O coordenador do estudo, José Luis Ascheri,  explicou que a soja tem componentes protéicos que o milho não tem. Quase todos os cereais são deficientes em aminoácidos essenciais à nutrição humana, como lisina e tripofano. “Quando você mistura ao milho uma oleaginosa como a soja, que possui uma quantidade razoável desses ingredientes protéicos, você está complementando. E consegue ter um alimento unificado, que é uma farinha instantânea”.

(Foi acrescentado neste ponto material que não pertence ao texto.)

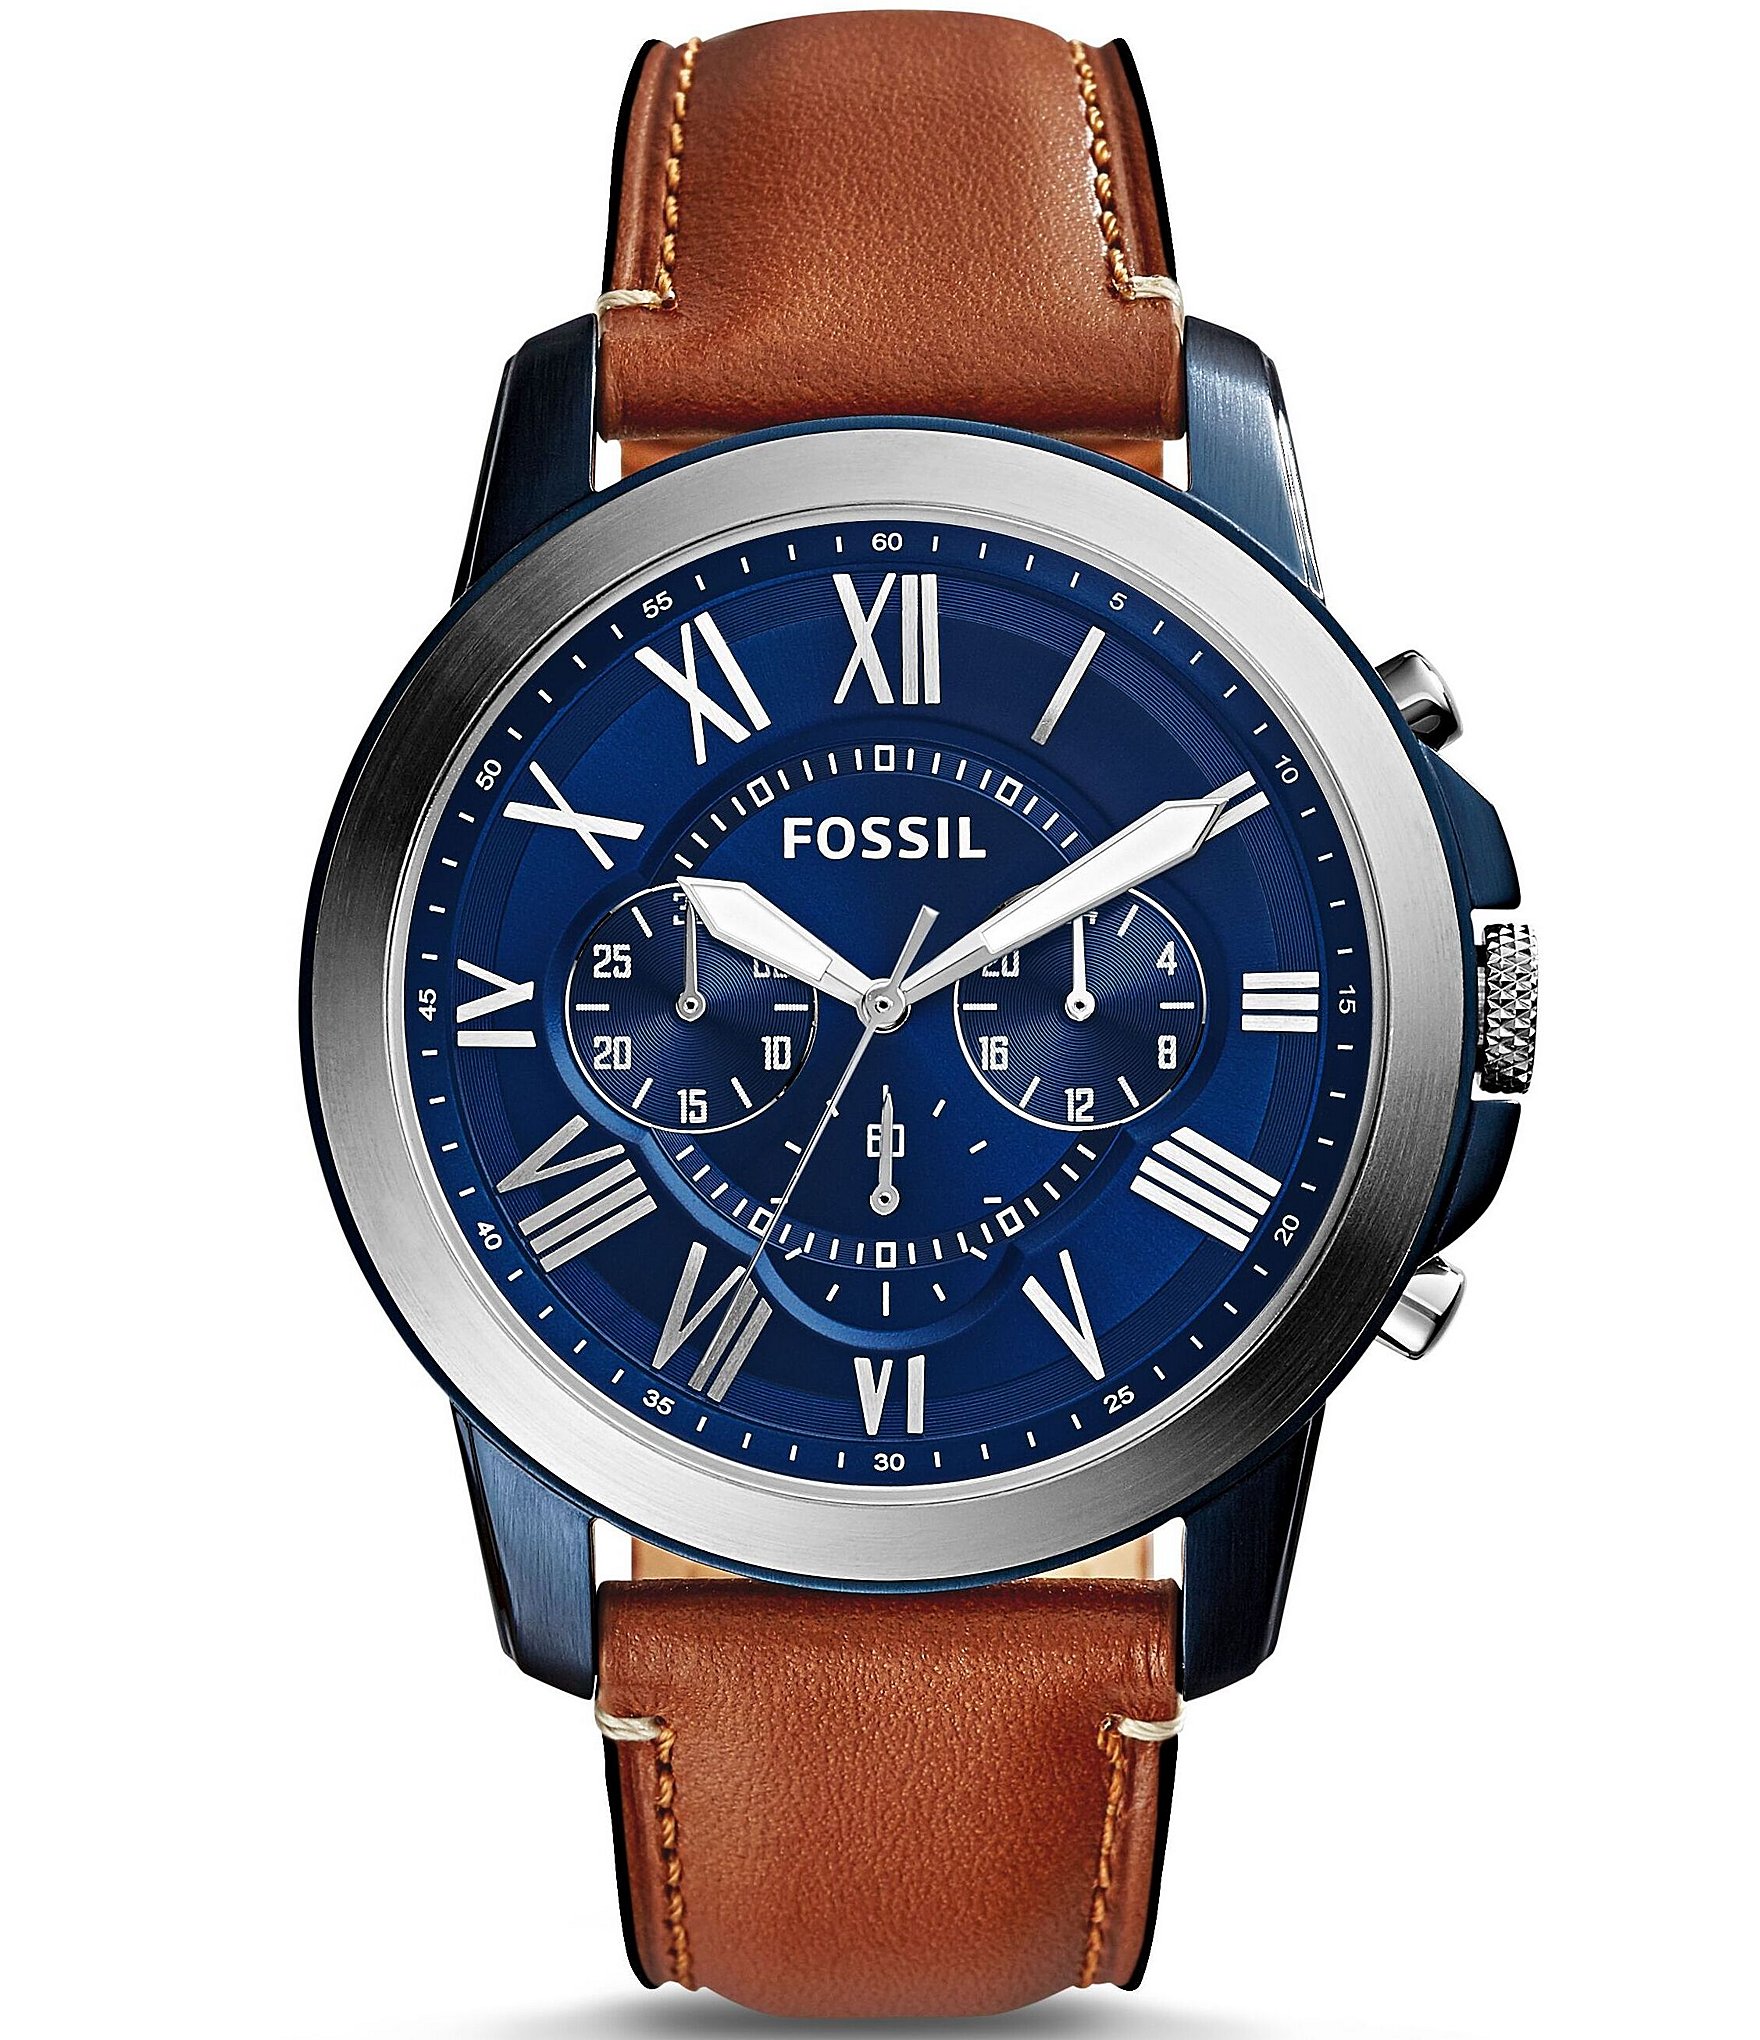 FOSSIL FS4656] What's your opinion on this? : r/Watches

Ascheri revelou que essa mistura de soja e milho gera um alimento de alto valor nutricional, capaz de oferecer à população cerca de 18% de proteína, 7% de lipídios e 71% de carboidratos. Depois de passar por uma máquina, que Ascheri chama de processo de extrusão (expulsão), a combinação de soja e milho é convertida em uma farinha de acesso fácil para o consumidor.

Com a mistura dá para preparar produtos culinários típicos do país, “dependendo da criatividade da cozinheira”, como  a polenta e o cuscuz, salientou Ascheri. Serve, inclusive, como reforço alimentar no café da manhã de empresas e na merenda escolar, “introduzindo uma dieta mais balanceada do que o milho puro”. A idéia, frisou o pesquisador da Embrapa, é que esse alimento possa ser utilizado “principalmente na alimentação institucional, em escolas, hospitais e até presídios”.

Os técnicos da empresa estão fornecendo todas as informações aos governos municipais e estaduais que se interessem  pelo novo alimento. O custo da nova farinha é de R$ 0,50 o quilo, sem embalagem. Ela tem ainda a vantagem  de poder ser estocada por até um ano em condições adequadas, que incluem ambiente arejado e fresco, recipiente fechado, sem contato com luz forte e calor.